Il pulpito di Sant’Andrea si colloca esattamente a metà strada in questa evoluzione, con un una struttura ancora improntata al gotico di Nicola, ma che con Giovanni assume una fluidità e una vivacità nettamente superiori. Nel pulpito di Pisa la base poligonale si arrotonderà fino quasi a diventare un cerchio e le colonne si trasformeranno in telamoni e cariatidi; ma qui a Sant’Andrea il gotico è ancora ben presente e la base del pulpito è un esagono perfetto, sorretto da sette colonne.

[Foto: Nicolò Begliomini courtesy of Giorgio Tesi Editrice]
Le figure rappresentate sulla cassa hanno un’espressività non comune, che sembra già parlare un linguaggio diverso. Le fisionomie dei personaggi sono ben distinte e caratterizzate, e se ci si sofferma a guardare con attenzione tutte le scene l’effetto è coinvolgente oggi come allora. In particolare la scena che raffigura la della Strage degli Innocenti raggiunge livelli di pathos notevoli. Allo stesso modo i gesti della Madonna nella formella che ritrae la Visitazione e la Natività e l’Annuncio ai pastori in un’unica scena sovrapposta, sono talmente naturali da sembrare scene di vita comune – in particolare il gesto della donna che sembra saggiare la temperatura dell’acqua prima di fare il bagnetto al bambino è qualcosa di assolutamente inedito.

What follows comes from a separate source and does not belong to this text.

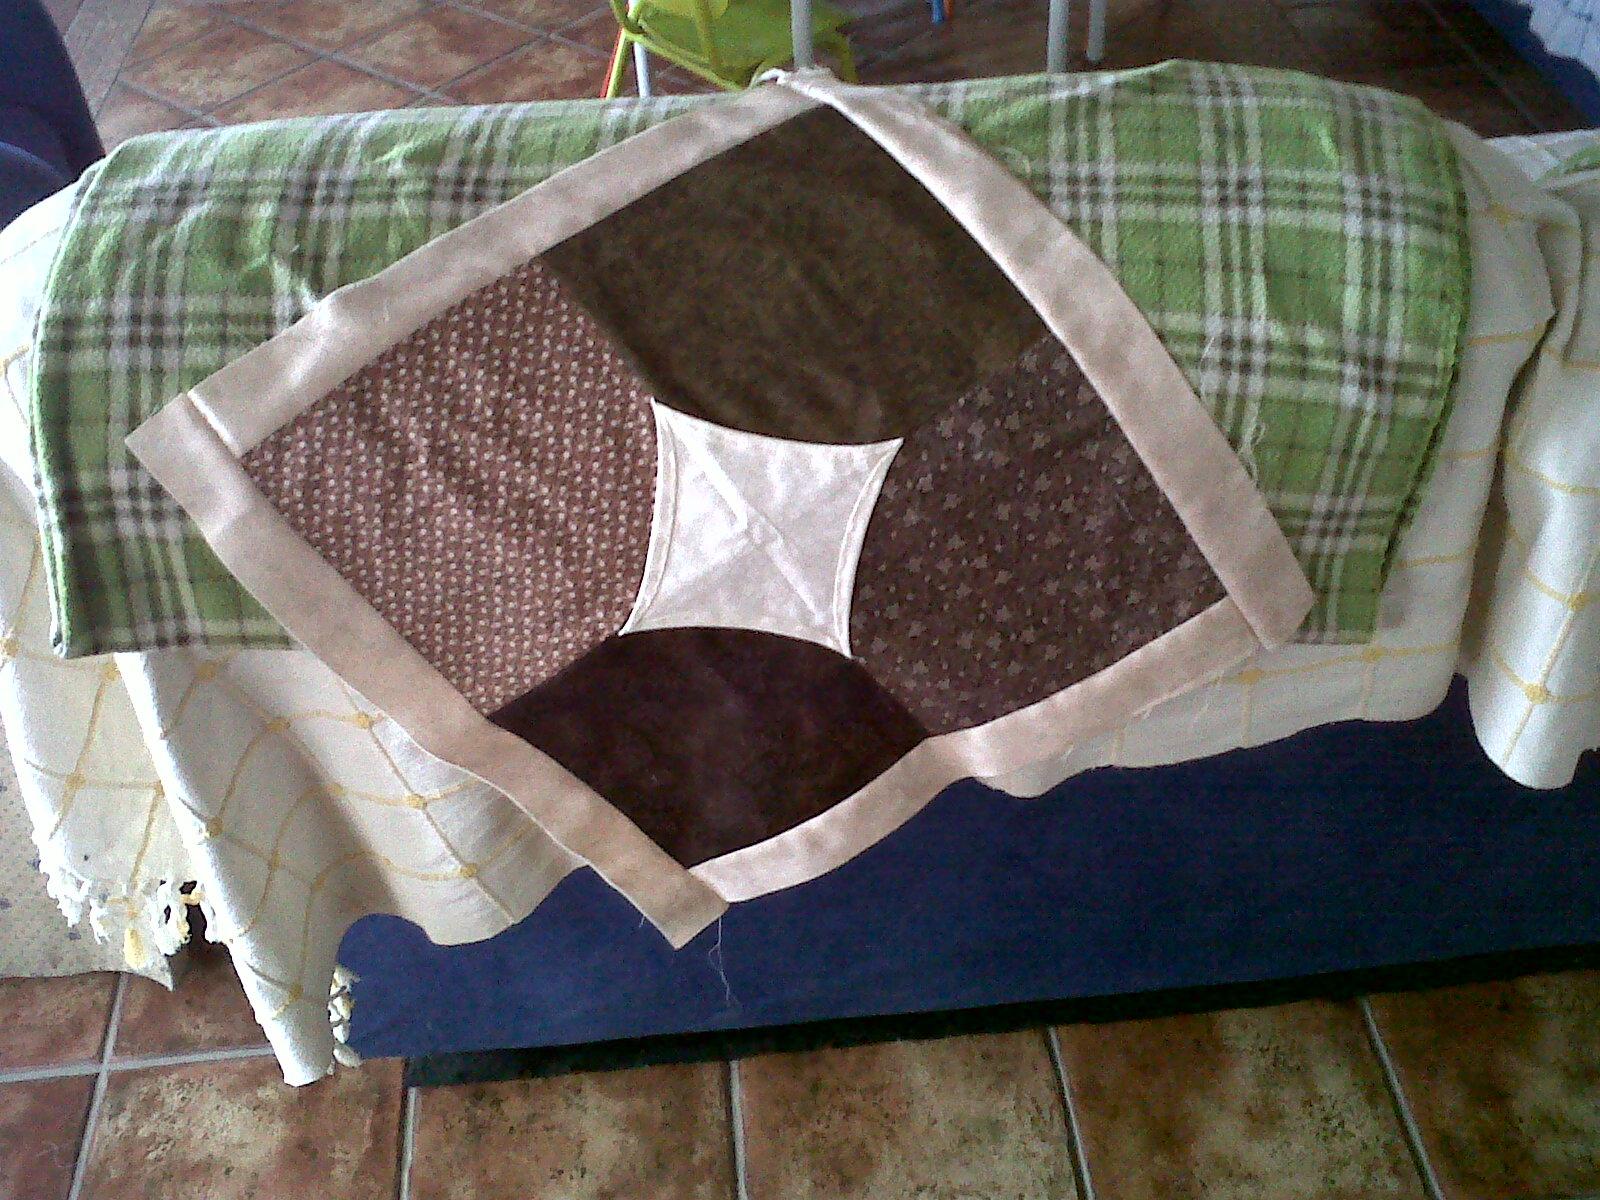 Labores artesanas manta y cojin rapido - Almazuelas patrones gratis ...

Un consiglio: le scene raffigurate su questo pulpito sono molto complesse e articolate e richiedono un po’ di tempo per essere ammirate e per coglierne tutti i particolari. Dato che l’illuminazione della chiesa è a pagamento – una soluzione che purtroppo si vede sempre più spesso nei luoghi di culto – ti consiglio di munirvi di spiccioli prima di entrare, altrimenti rischierete di vedere ben poco.